Chinese speech synthesis

Last updated

Chinese speech synthesis is the application of speech synthesis to the Chinese language (usually Standard Chinese). It poses additional difficulties due to Chinese characters frequently having different pronunciations in different contexts and the complex prosody, which is essential to convey the meaning of words, and sometimes the difficulty in obtaining agreement among native speakers concerning what the correct pronunciation is of certain phonemes.

Contents

Concatenation (Ekho and KeyTip)

Recordings can be concatenated in any desired combination, but the joins sound forced (as is usual for simple concatenation-based speech synthesis) and this can severely affect prosody; these synthesizers are also inflexible in terms of speed and expression. However, because these synthesizers do not rely on a corpus, there is no noticeable degradation in performance when they are given more unusual or awkward phrases.

Ekho is an open source TTS which simply concatenates sampled syllables. [1] It currently supports Cantonese, Mandarin, and experimentally Korean. Some of the Mandarin syllables have been pitched-normalised in Praat. A modified version of these is used in Gradint's "synthesis from partials". [2]

cjkware.com used to ship a product called KeyTip Putonghua Reader which worked similarly; it contained 120 Megabytes of sound recordings (GSM-compressed to 40 Megabytes in the evaluation version), comprising 10,000 multi-syllable dictionary words plus single-syllable recordings in 6 different prosodies (4 tones, neutral tone, and an extra third-tone recording for use at the end of a phrase).

Lightweight synthesizers (eSpeak and Yuet)

The lightweight open-source speech project eSpeak, which has its own approach to synthesis, has experimented with Mandarin and Cantonese. eSpeak was used by Google Translate from May 2010 [3] until December 2010. [4]

The commercial product "Yuet" is also lightweight (it is intended to be suitable for resource-constrained environments like embedded systems); it was written from scratch in ANSI C starting from 2013. Yuet claims a built-in NLP model that does not require a separate dictionary; the speech synthesised by the engine claims clear word boundaries and emphasis on appropriate words. Communication with its author is required to obtain a copy. [5]
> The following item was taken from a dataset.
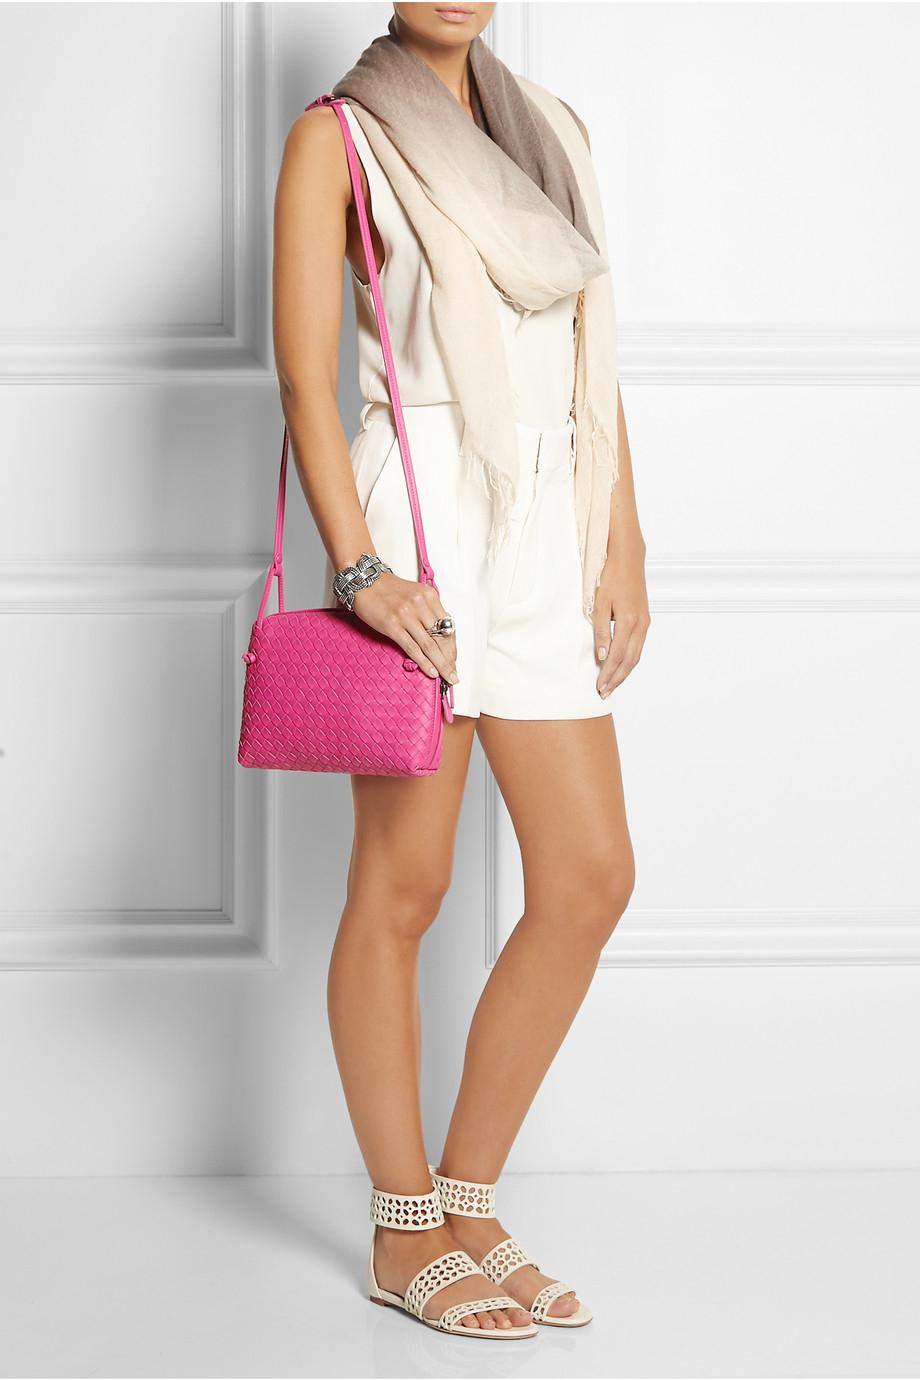 58f583394fa4 Bottega Veneta Messenger Intrecciato Leather Shoulder Bag in Pink - Lyst

Both eSpeak and Yuet can synthesis speech for Cantonese and Mandarin from the same input text, and can output the corresponding romanisation (for Cantonese, Yuet uses Yale and eSpeak uses Jyutping; both use Pinyin for Mandarin). eSpeak does not concern itself with word boundaries when these don't change the question of which syllable should be spoken.

Corpus-based

A "corpus-based" approach can sound very natural in most cases but can err in dealing with unusual phrases if they can't be matched with the corpus. [6] The synthesiser engine is typically very large (hundreds or even thousands of megabytes) due to the size of the corpus.

iFlyTek

Anhui USTC iFlyTek Co., Ltd (iFlyTek) published a W3C paper in which they adapted Speech Synthesis Markup Language to produce a mark-up language called Chinese Speech Synthesis Markup Language (CSSML) which can include additional markup to clarify the pronunciation of characters and to add some prosody information. [7] The amount of data involved is not disclosed by iFlyTek but can be seen from the commercial products that iFlyTek have licensed their technology to; for example, Bider's SpeechPlus is a 1.3 Gigabyte download, 1.2 Gigabytes of which is used for the highly compressed data for a single Chinese voice. iFlyTek's synthesiser can also synthesise mixed Chinese and English text with the same voice (e.g. Chinese sentences containing some English words); they claim their English synthesis to be "average".

The iFlyTek corpus appears to be heavily dependent on Chinese characters, and it is not possible to synthesize from pinyin alone. It is sometimes possible by means of CSSML to add pinyin to the characters to disambiguate between multiple possible pronunciations, but this does not always work.

NeoSpeech

There is an online interactive demonstration for NeoSpeech speech synthesis, [8] which accepts Chinese characters and also pinyin if it's enclosed in their proprietary "VTML" markup. [9]

Mac OS

Mac OS had Chinese speech synthesizers available up to version 9. This was removed in 10.0 and reinstated in 10.7 (Lion). [10]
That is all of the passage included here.